“The humans live in time,” senior devil Screwtape advises his junior Wormwood in C.S. Lewis’s Screwtape Letters, “but our Enemy [God] destines them to eternity. He therefore, I believe, wants them to attend chiefly to two things, to eternity itself, and to that point of time which they call the Present. For the Present is the point at which time touches eternity. … in it alone freedom and actuality are offered them. He would therefore have them continually concerned either with eternity … or with the Present … obeying the present voice of conscience, bearing the present cross, receiving the present grace, giving thanks for the present pleasure."
A student recently alerted me to this quotation. We were discussing Lenten practices, and I explained that I was endeavoring this Lent to do one thing at a time, to finish the present task before moving on to another. Shelve the groceries, file the receipt, replace the car keys — and only then check email. Or set the timer for an hour and prepare tomorrow’s class lecture; during that hour, do not check the weather, search Amazon for the household item the Sisters need, or pull up the score from the baseball team’s last game (one of my students plays).

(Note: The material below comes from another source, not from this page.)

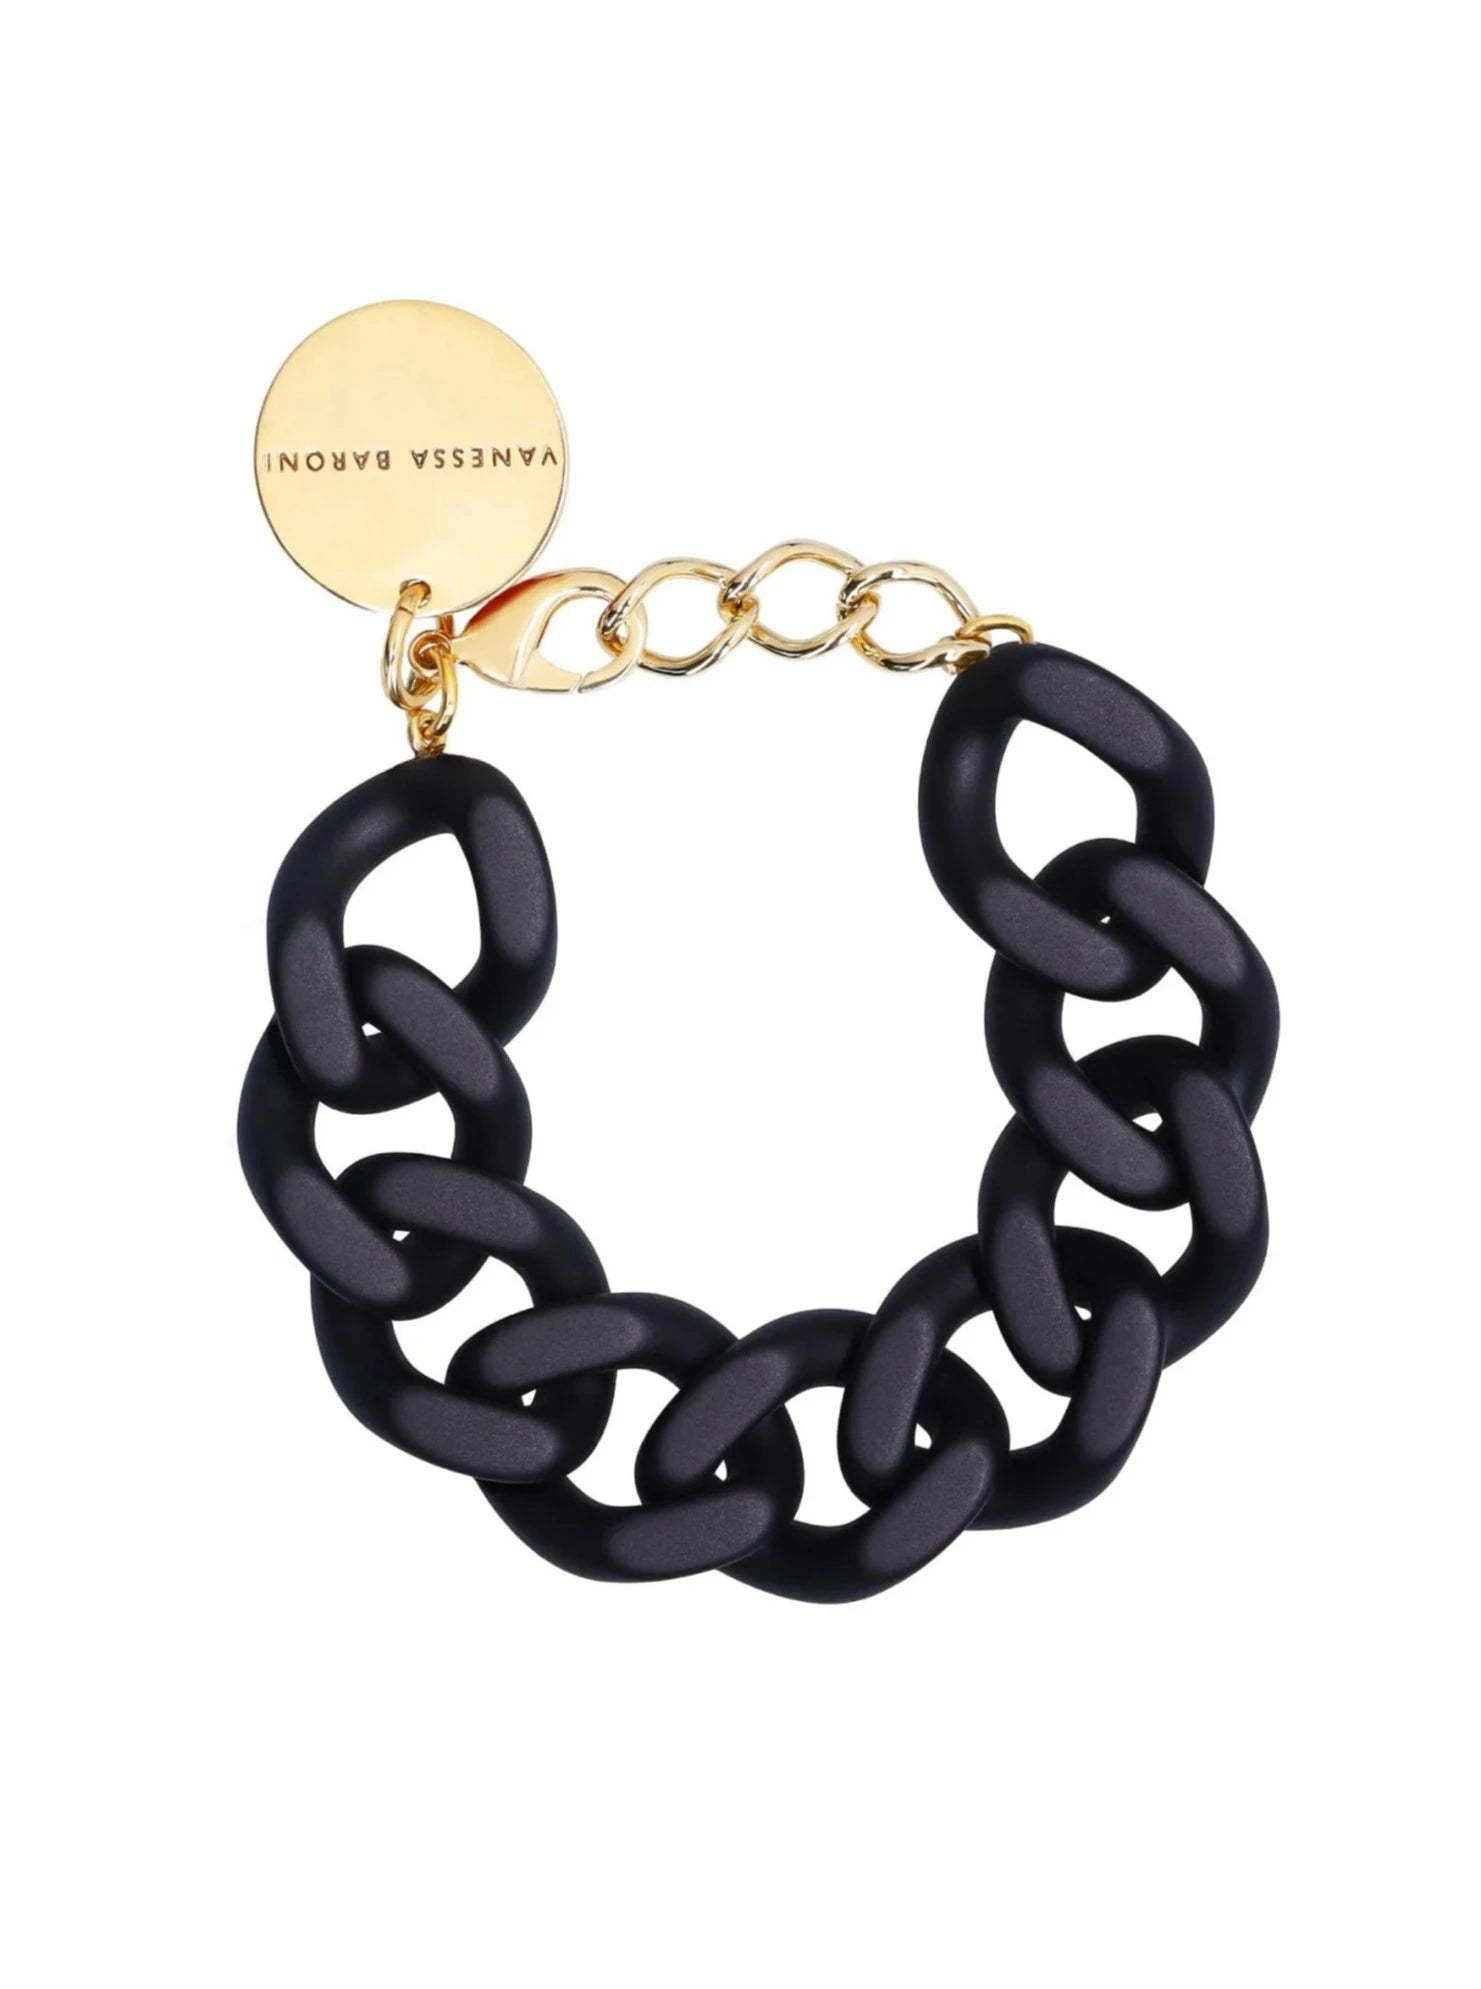 Flat chain bracelet, matt black

It is harder than one might anticipate! Sometimes I have to make a list of the small tasks accumulating in my mind until the timer goes off.
But the exercise is also purifying. There is something deeply good, deeply human, about shutting the laptop and attending fully to the student who approaches me, or staring at a blank Word document with the stark knowledge that no notifications will pop up to excuse me from the difficult task of crafting an article. If nothing else, the alarming reality of the singlemindedness demanded tips me into prayer: Jesus, this is hard. Please help me!
The capacity for distraction is nothing new. Early monastic advice counsels that, when a monk has decided to pray or read for a time, he determine to remain in one place for that entire time, not getting up to retrieve another book or change locations. Our current age’s multi-capability devices have increased our distractions, but the temptation has always existed.
I often think: if my students could only close their email, disable notifications, and remove their Apple watches, what riches would they discover in the classroom! If they could only walk across campus without music or cell phone conversation, what bird songs they would hear, what precious spring buds they would notice!
God is faithful: He completes what He has begun. He proves true to His promises. He creates in an orderly way and sustains creation in being. He is fully present to each of His creatures. By doing just one thing at a time, by being fully attuned to Him in the present moment, we become more like Him. Perhaps we will even hear the still, small voice of His love and His grace speaking to our inmost hearts.
Sr. Maria Veritas Marks is a member of the Ann Arbor-based Dominican Sisters of Mary, Mother of the Eucharist.